Isel is a dispersed settlement and area in the valley of the River Derwent within the Lake District National Park in Cumbria, England. It is an ecclesiastical parish within the civil parish of Blindcrake. Nearby are the hamlets of Setmurthy, Sunderland and Redmain, and the village of Blindcrake.

Isel is a rural community, with a church, a manorial Hall and several farms ranging from dairy to poultry, but lacking basic local facilities having no shop, public house or post office.  It is mentioned in the English folk song "Horn of the Hunter."

Isel Parish Church is dedicated to St Michael and the fabric is chiefly Norman. The church contains two pre-Norman carved stones, one of which is a fragment of a cross. Other buildings of interest are Isel Hall (with a pele tower), the ancient bridge of three arches (rebuilt in 1812) and the old vicarage.

Governance
Isel,  is part of the Workington constituency of the UK parliament. The current Member of Parliament is Sue Hayman, a member of the Labour Party.
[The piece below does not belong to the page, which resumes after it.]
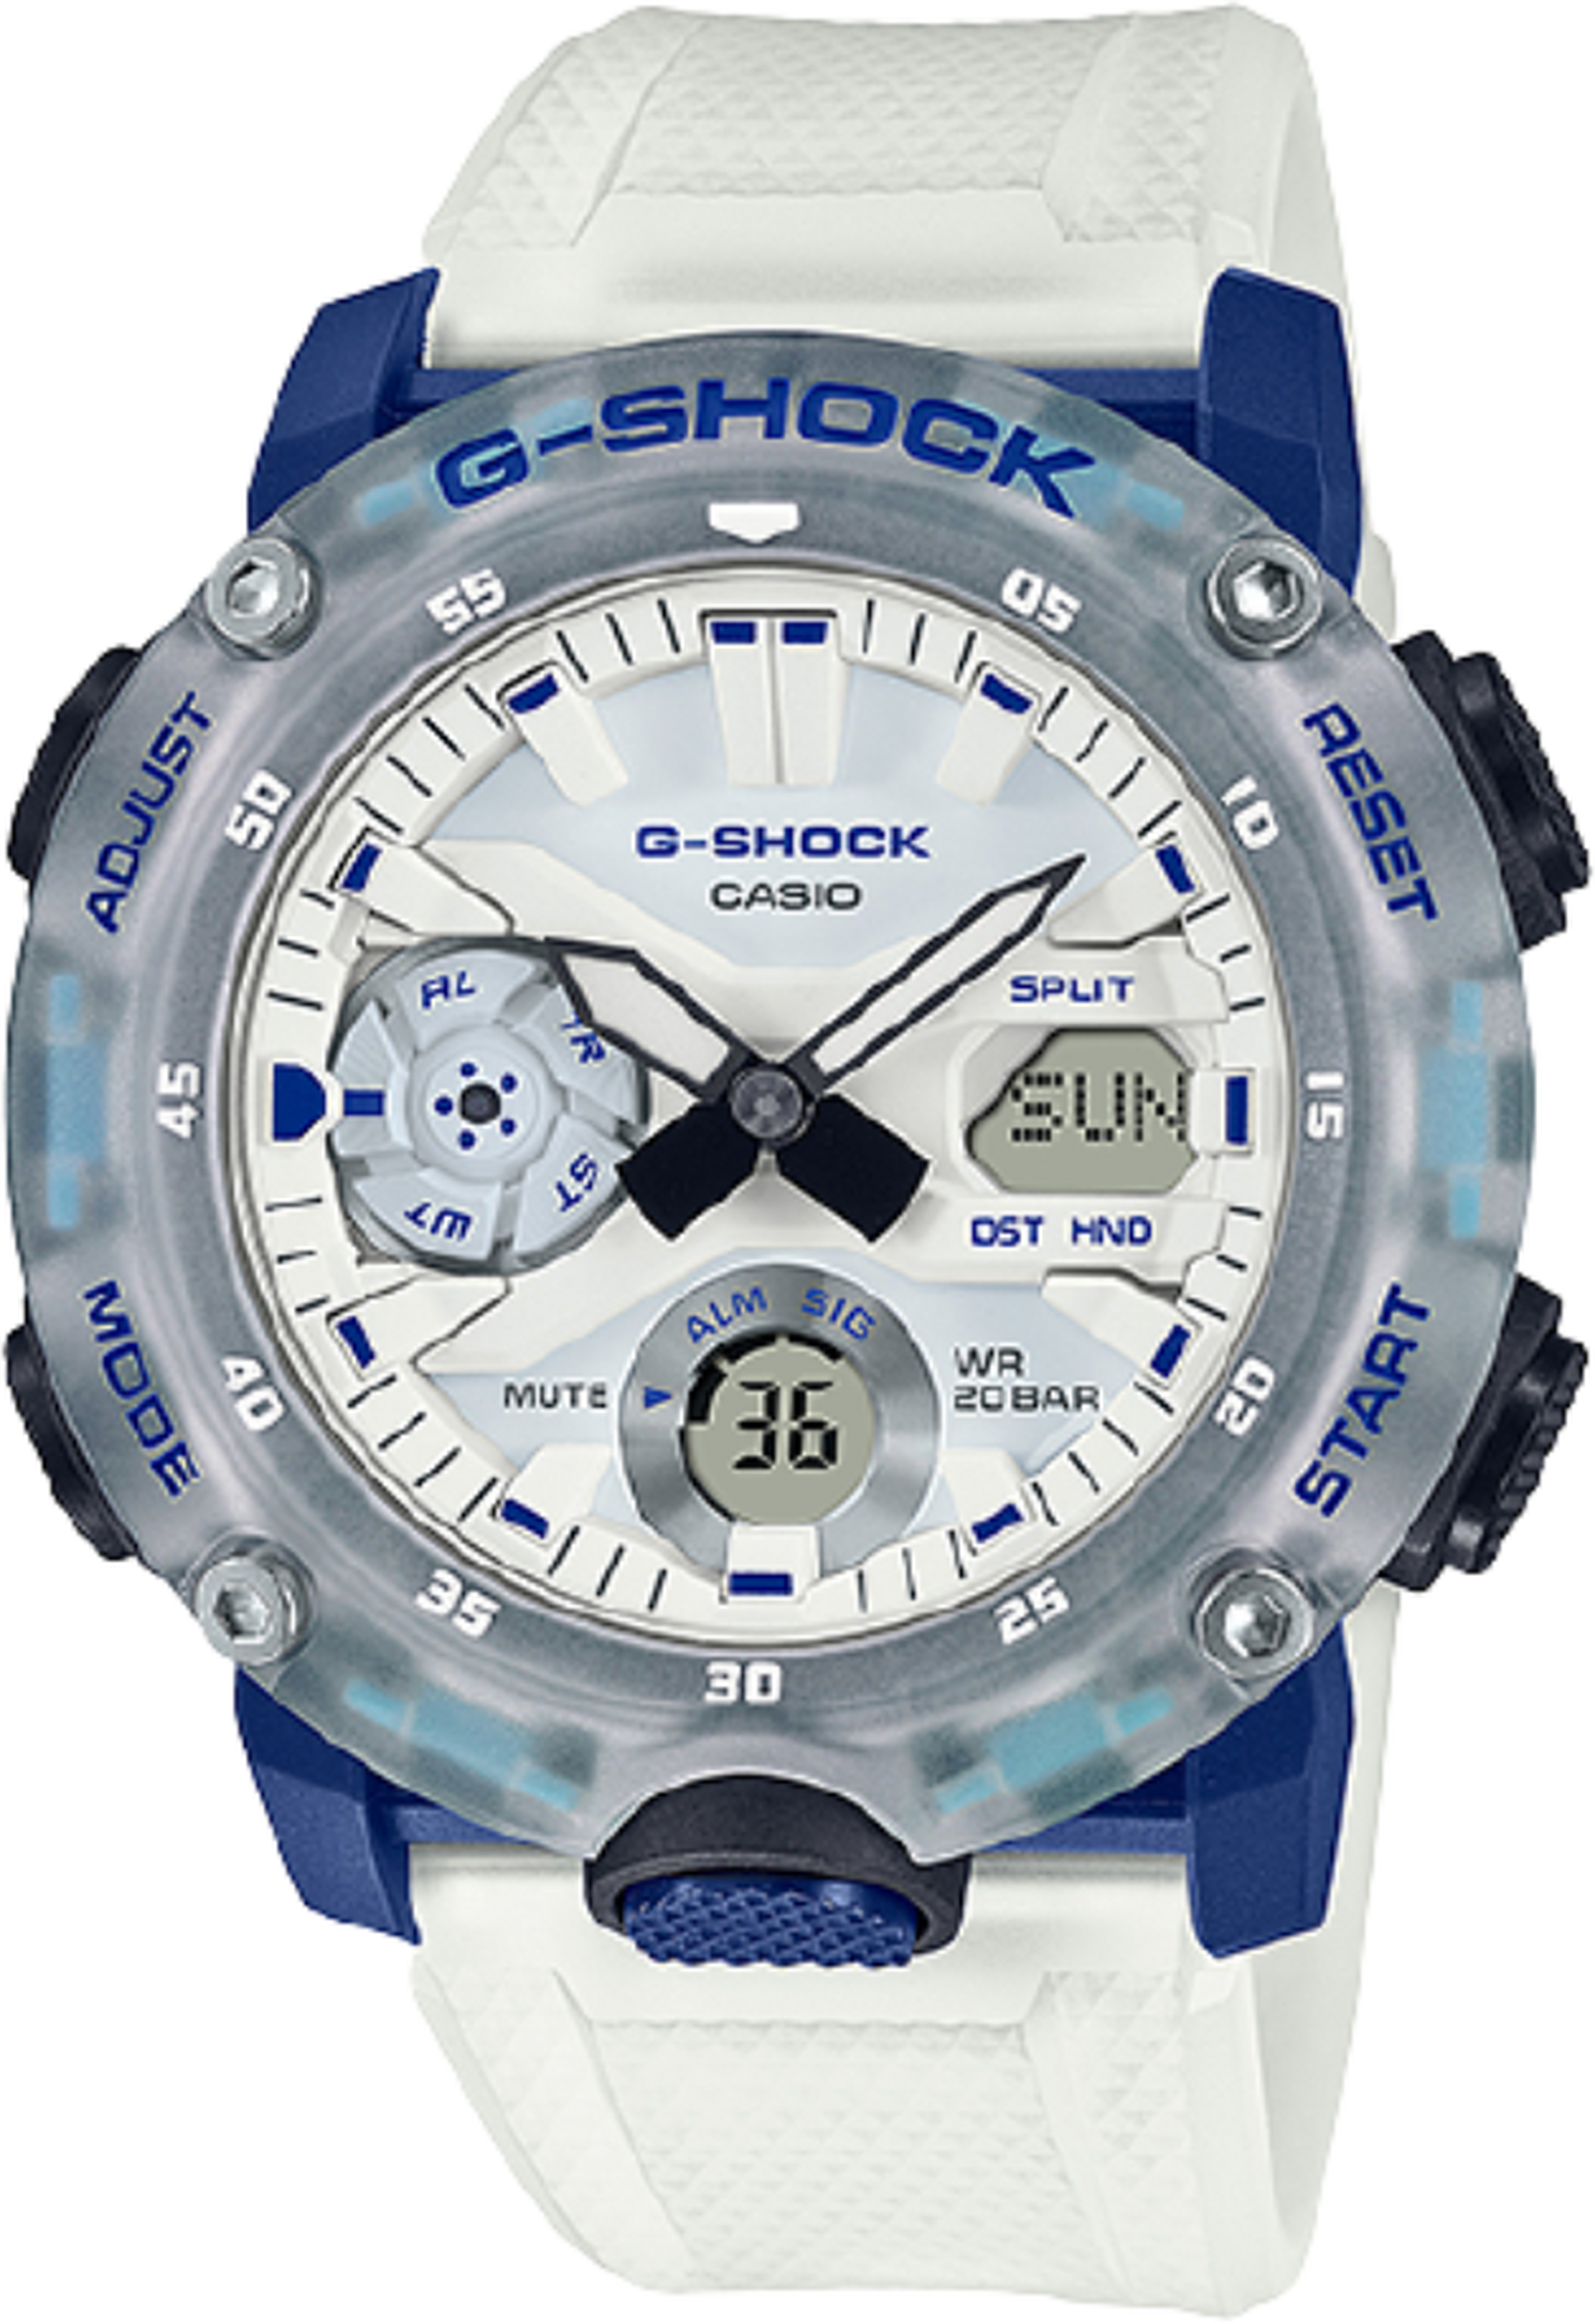 ساعة كاسيو جي شوك التناظرية / الرقمية الرياضية الرجالية بحجم 51 ملم (GA-2000HC-7ADR)

The Labour Party has won the seat in every general election since 1979; the Conservative Party has only been elected once in Workington since the Second World War: in the  1976 Workington by-election.

Prior to Brexit in 2020, residents in Isel voted to elect MEP's for the North West England constituency to the European Parliament.

For Local Government purposes it is in the All Saints Ward of Allerdale Borough Council and the Bothel + Wharrels Division of Cumbria County Council.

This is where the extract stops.